There are at least three options for addressing small lawsuits:
- Seek recovery in Superior Court
- Seek recovery in District Court
- Seek recovery in Small Claims Court
Seeking recovery in Superior Court has its advantages. It is the correct court to seek recovery in if you are seeking something in addition to money damages—let’s say you are also seeking rescission of a contract. In that case, the Superior Court has the jurisdiction to grant both the money damages sought as well as the declaratory relief regarding the validity of the contract.
Superior Court can also be an appropriate place for smaller disputes even if declaratory or injunctive relief is not sought.
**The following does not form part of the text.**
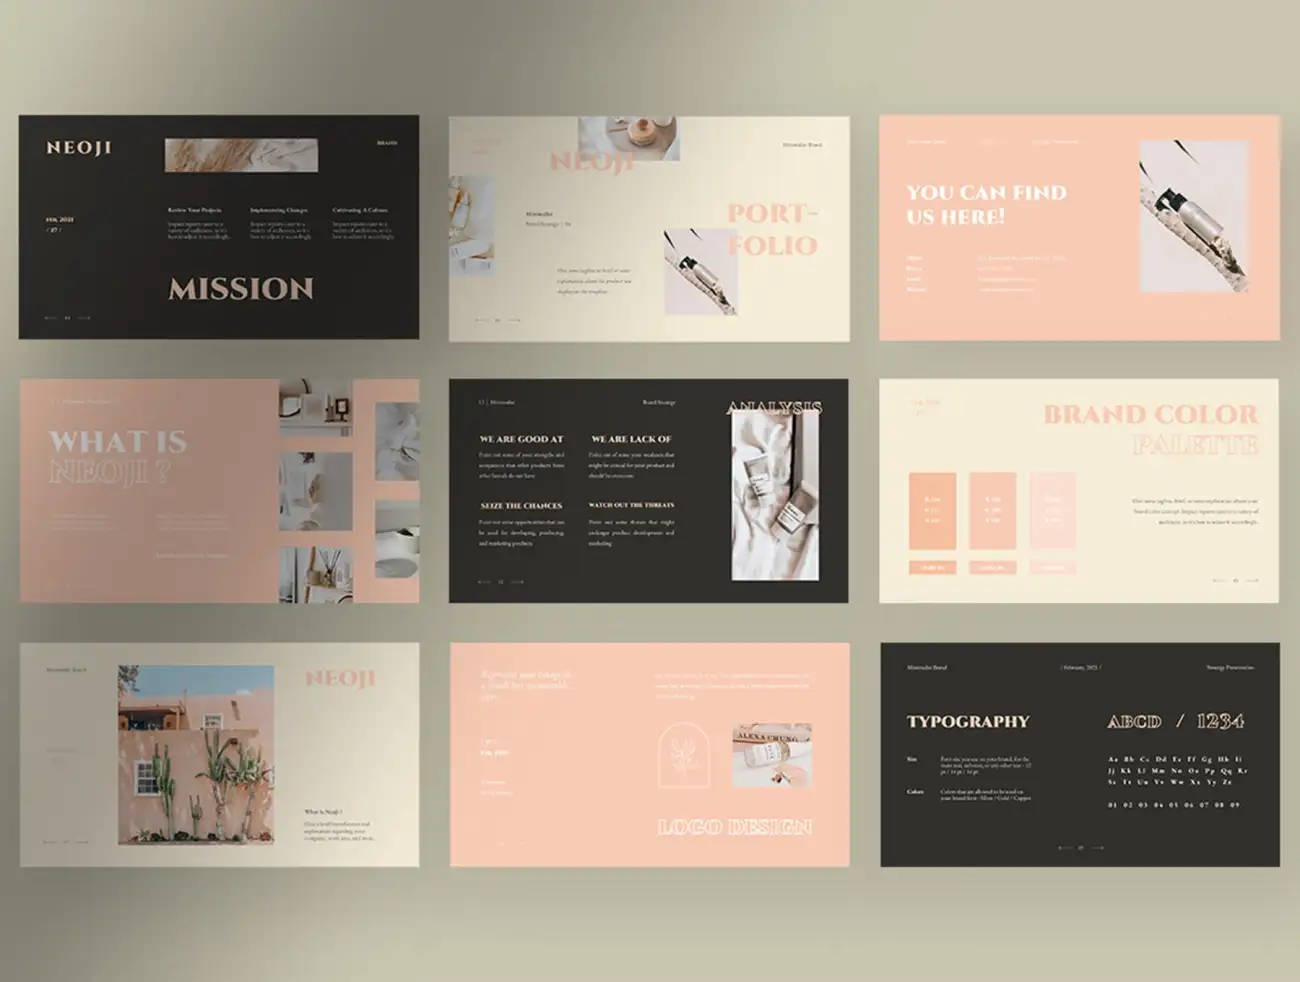 30屏极简主义品牌营销策划介绍PPT展示模板 Neoji – Soft Pastel Minimalist Brand Strategy Presentation插图11

In Superior Court, cases with damages of less than $100,000.00 are subject to mandatory arbitration. This means that either party may force the case into arbitration—a far less formal method of dispute resolution than an actual courtroom trial. While there is an opportunity for requesting a new trial with the court in the case of a bad outcome at arbitration, that is rarely done. The mandatory arbitration system also pays for an arbitrator. Thus, the financial burden on the parties is minimized. That said, the attorney fees provisions of RCW 4.84.250 can still have harsh results in these cases.
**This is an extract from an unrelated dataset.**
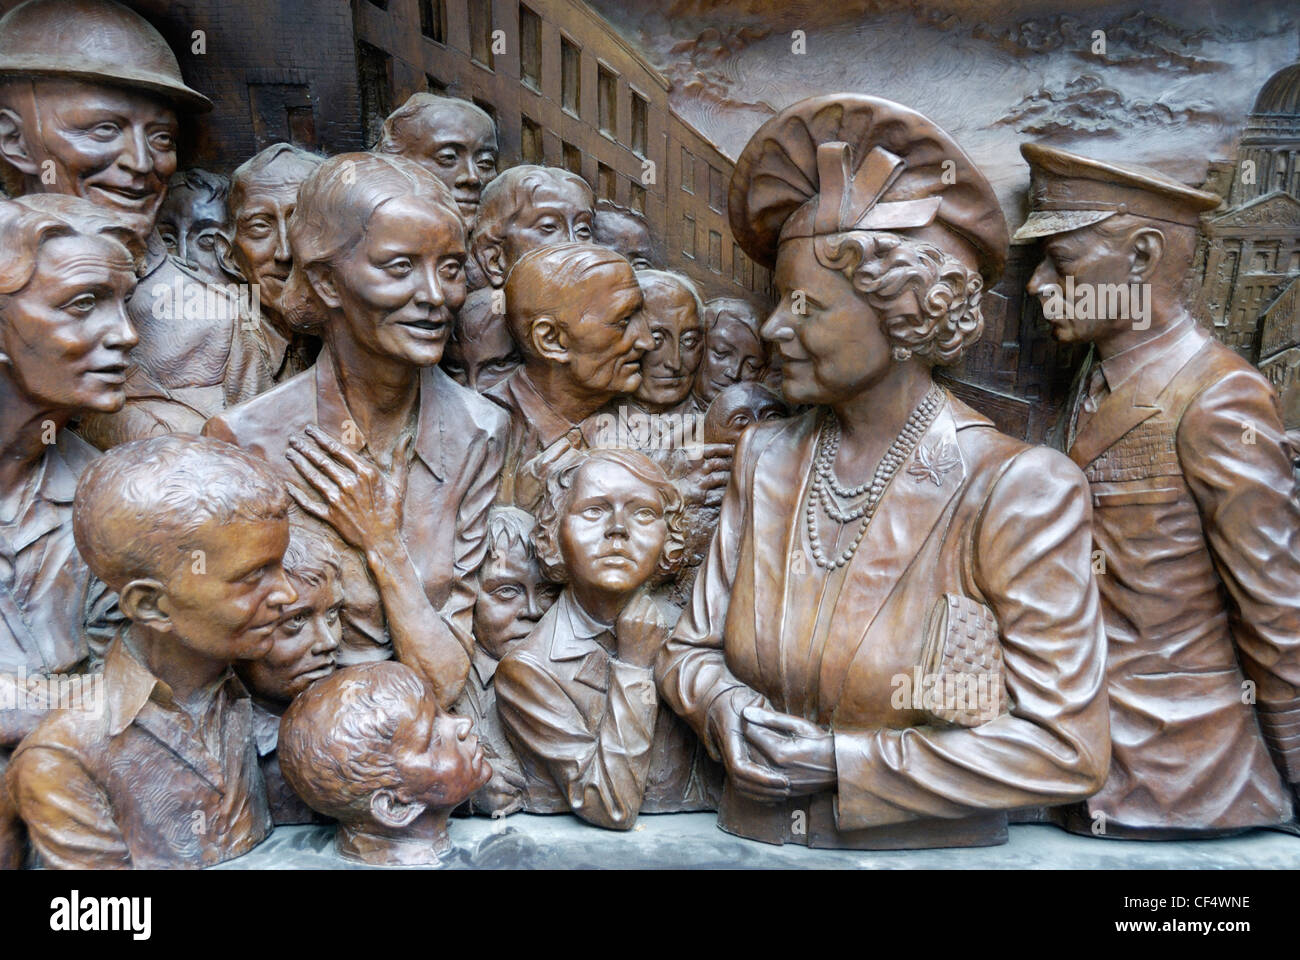 Parte di un rilievo bronzeo che mostra la regina Elisabetta Regina madre e King George VI incontro i cittadini di Londra durante il Blitz. Th Foto Stock

District Court is another potential avenue for seeking recovery in small lawsuits. In District Court, discovery is quite limited. Additionally, the time for getting on the court’s trial calendar is much shorter than in Superior Court. Pro se litigants may have better luck with representing themselves in District Court as the court deals with more pro se litigants (i.e. litigants without attorneys) than Superior Court.
Small Claims Court
A final option for dealing with small lawsuits is Small Claims Court. If you have the time and your dispute is $5,000.00 or less, I highly recommend considering taking the matter to Small Claims Court. Even if your claim is for somewhat more than $5,000—let’s say $6,000 or $7,000—it may be worth waiving the damages over $5,000 to have the matter heard in Small Claims Court.
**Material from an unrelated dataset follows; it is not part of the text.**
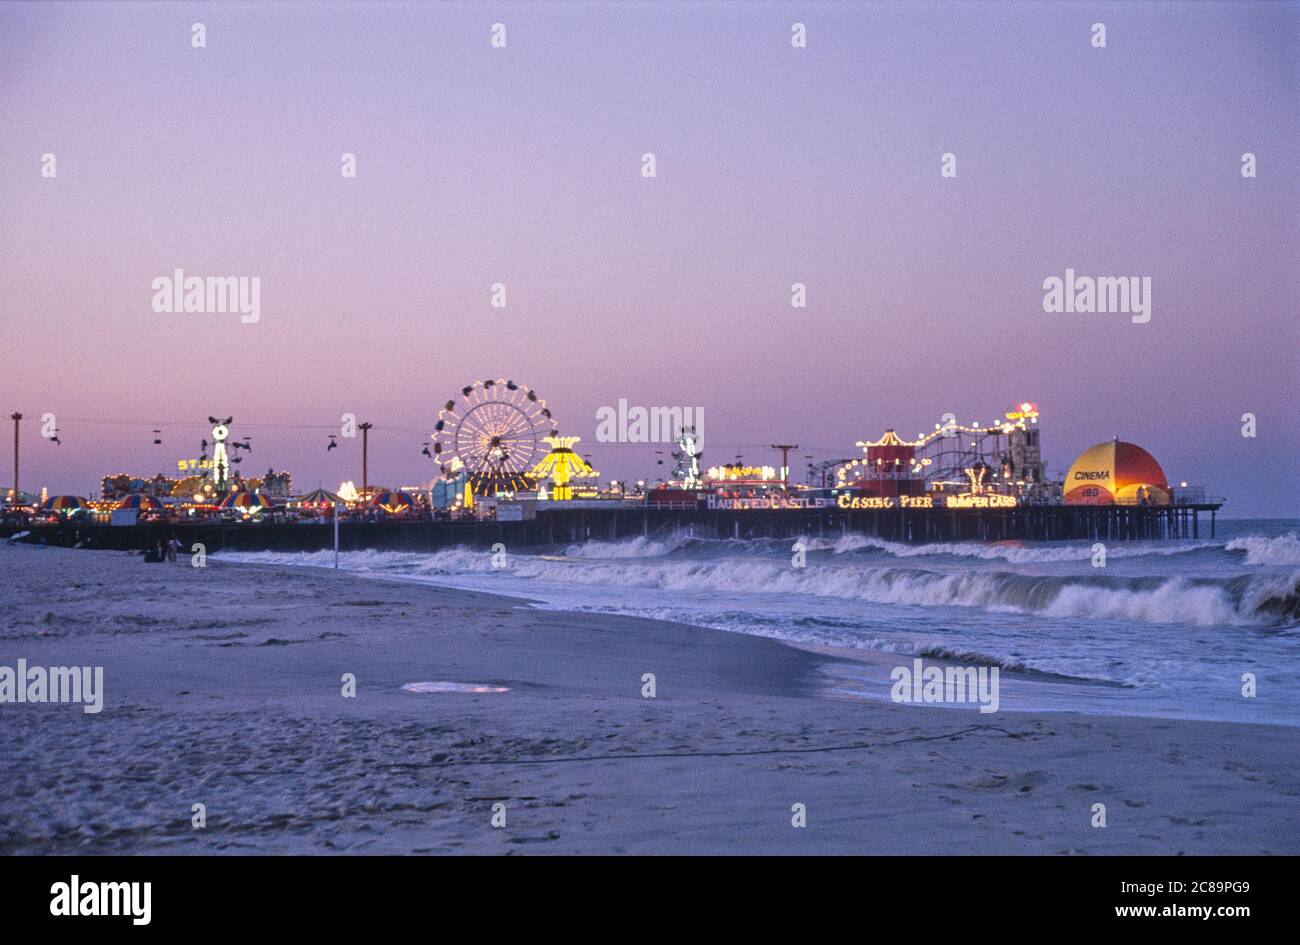 Casino Pier at boardwalk, Seaside Heights, New Jersey

Attorneys are generally not allowed to practice in Small Claims Court. Thus, the plaintiff and defendant will almost always represent themselves in the court proceedings. Usually, court consists of a one-time hearing in which a judge will hear the evidence and decide who is right. The standards for presenting evidence are also very relaxed in comparison to Superior Court or District Court. The process is really designed for dispute resolution without attorneys. Thus, for people who have the time and small amounts in controversy, Small Claims Court can present an excellent forum for dispute resolution.
It is certainly advisable to consult counsel about small disputes. But, if you consult with a good attorney, don’t be surprised if they tell you that it is not worth engaging their services to pursue a small lawsuit. And, be wary of attorneys who are too eager to take fees for small cases. It may turn out that they have more time on their hands or fewer clients than they need. Regardless, consulting with an attorney and considering the options above is a wise idea if you find yourself in a dispute that might result in a small lawsuit.